MATERIAL FOR THE TASK
****************************************

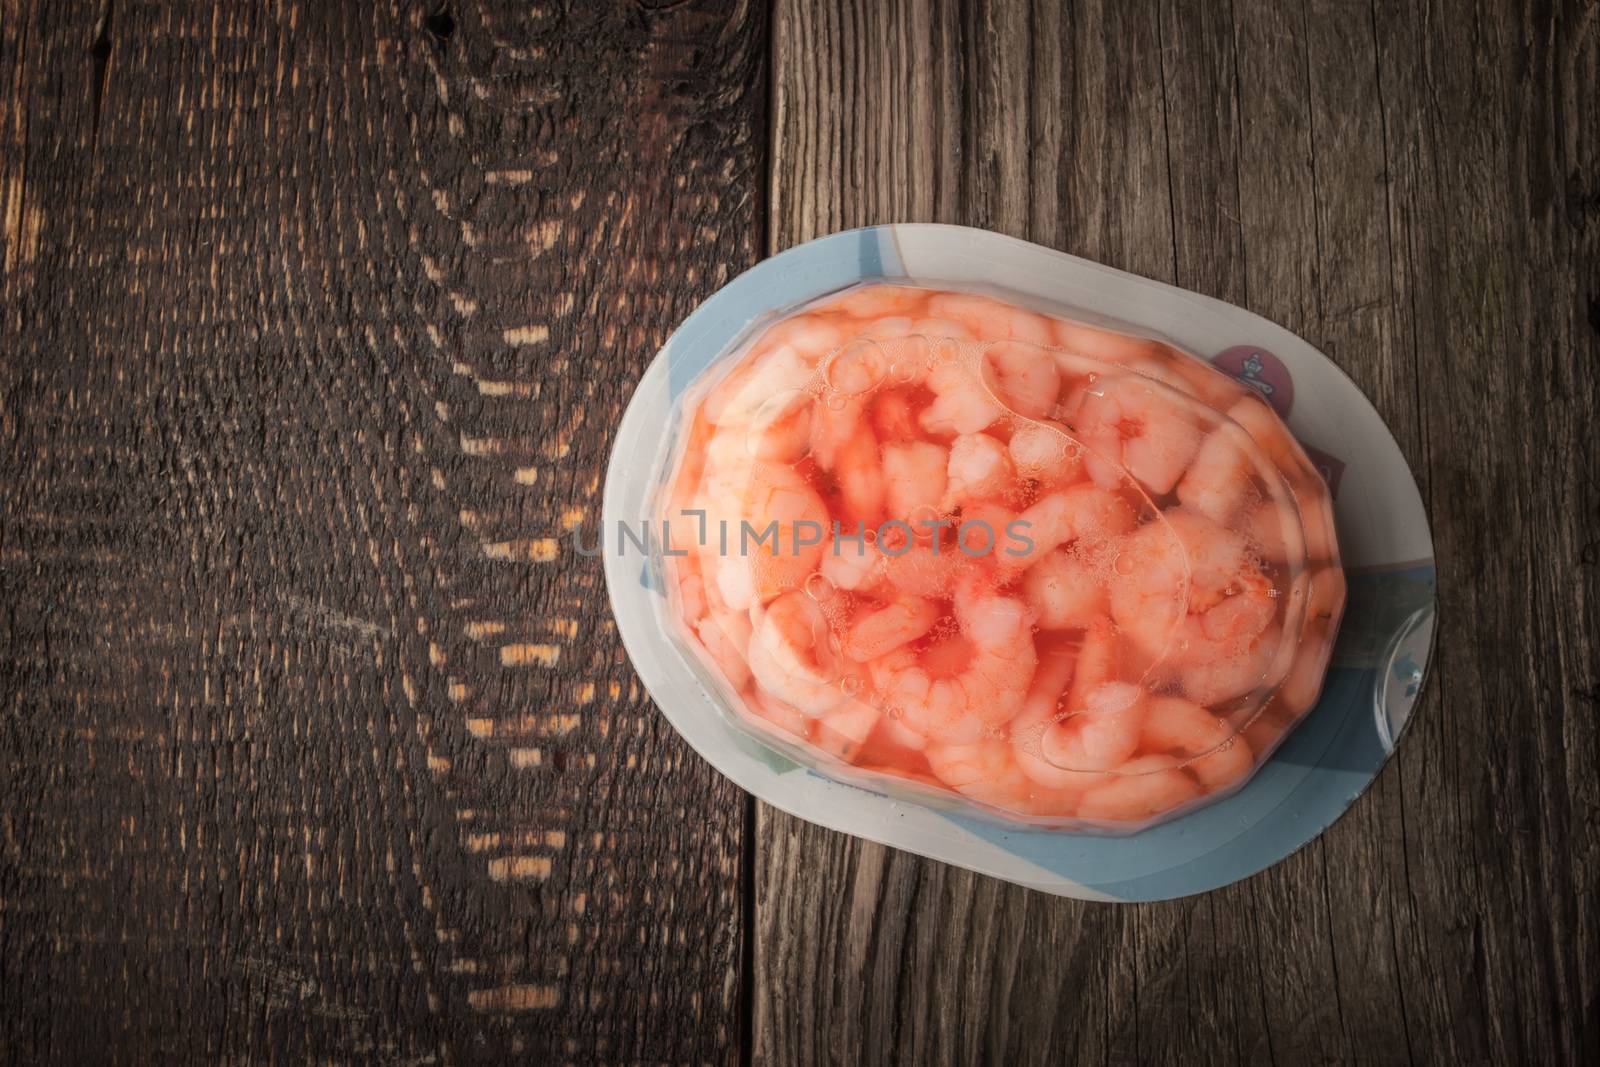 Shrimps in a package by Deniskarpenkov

****************************************

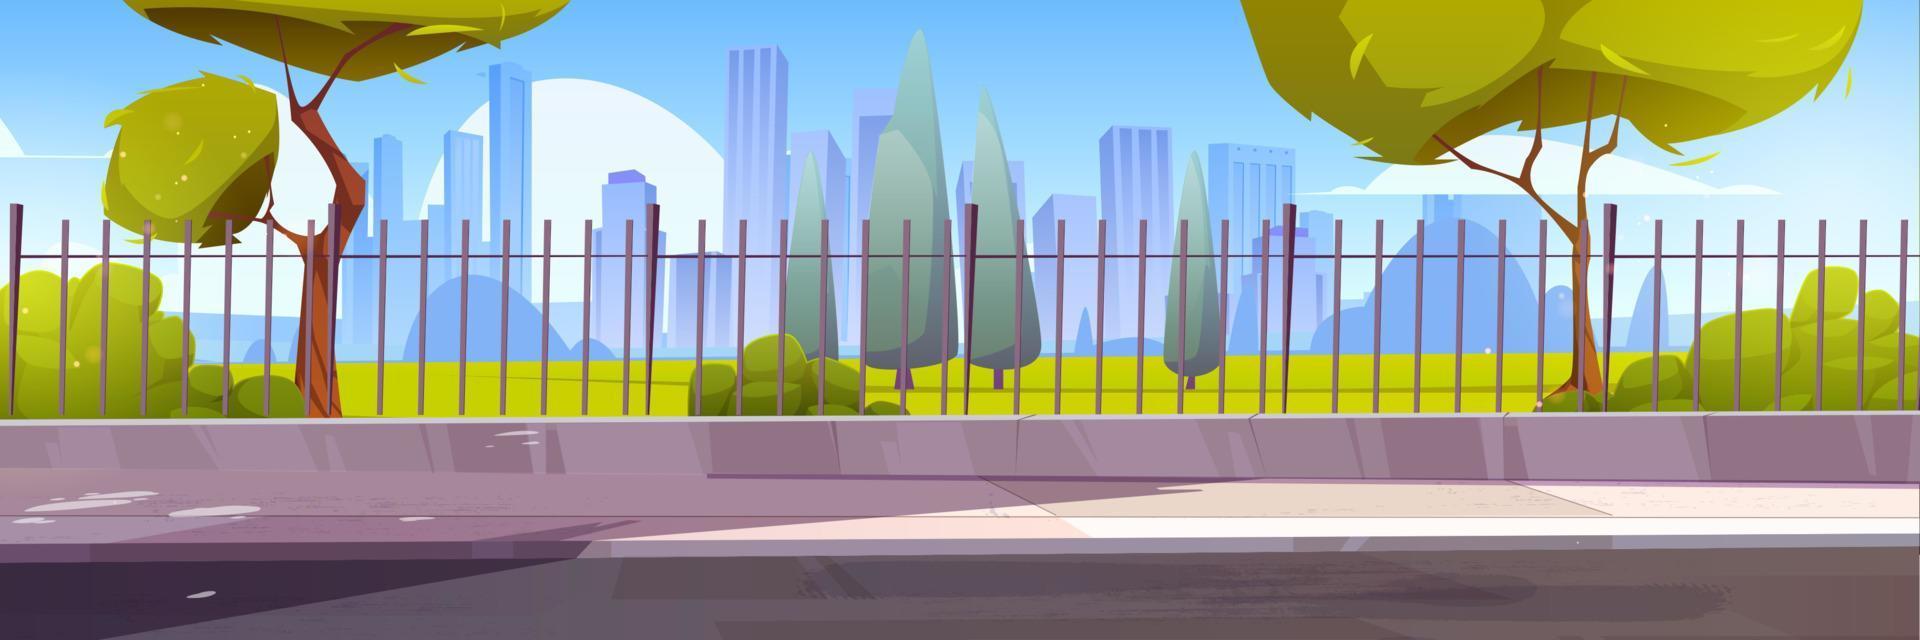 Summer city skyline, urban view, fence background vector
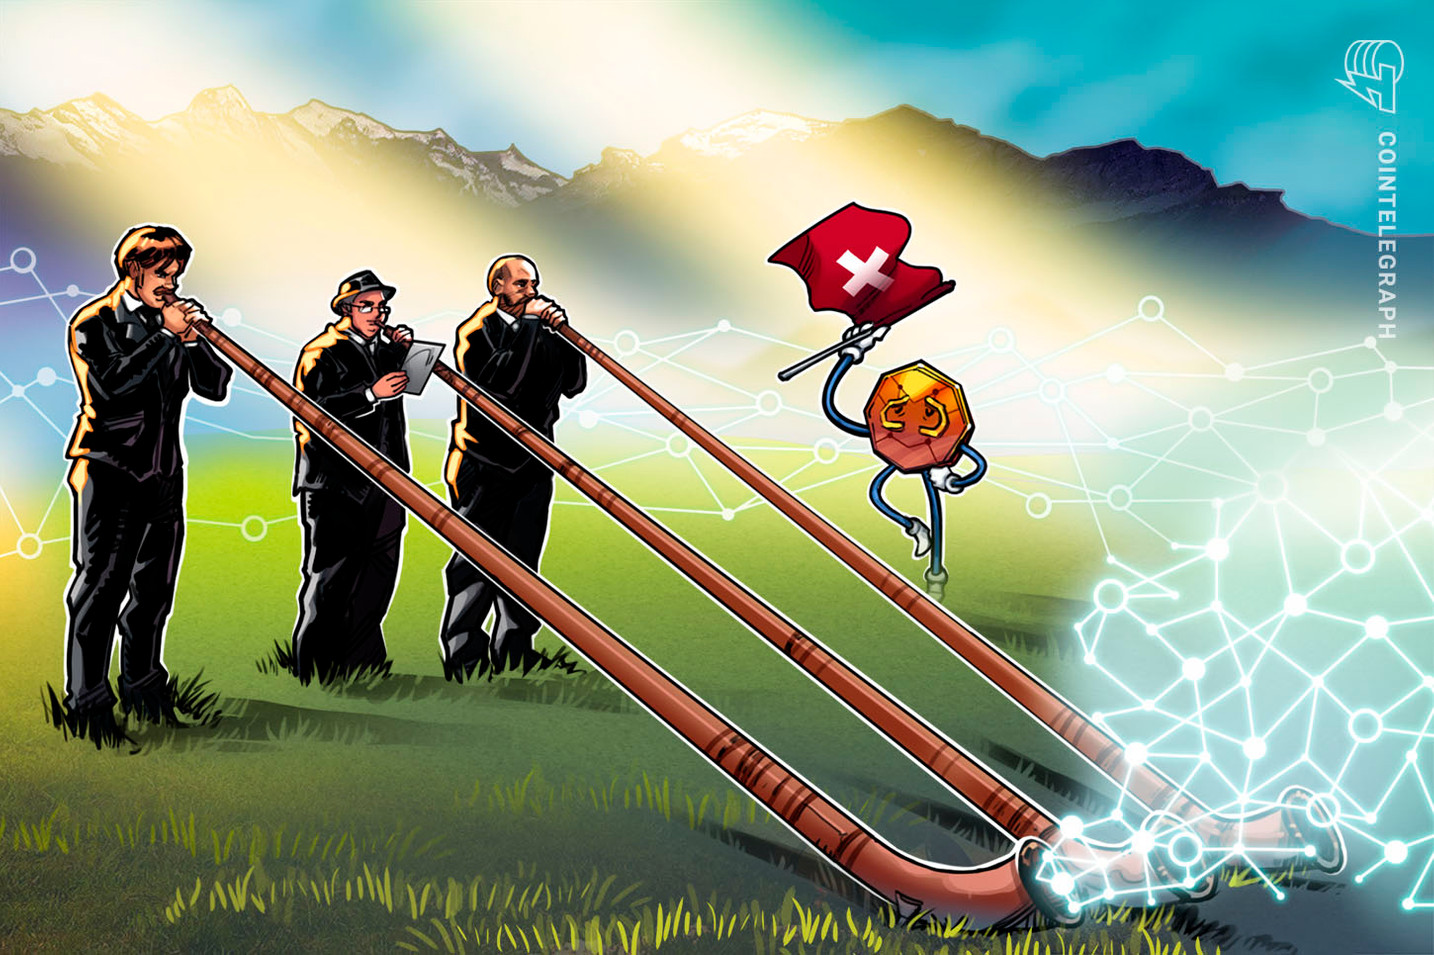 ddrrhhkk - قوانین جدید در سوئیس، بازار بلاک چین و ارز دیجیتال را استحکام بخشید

****************************************

TASK STATEMENT
Only one part of the material above is wanted: the lines from the one with "Summer city skyline, urban" up to and including the one with "ddrrhhkk - قوانین". Please copy them exactly, pictures left out.

OUTPUT
 Summer city skyline, urban view, fence background vector
 ddrrhhkk - قوانین جدید در سوئیس، بازار بلاک چین و ارز دیجیتال را استحکام بخشید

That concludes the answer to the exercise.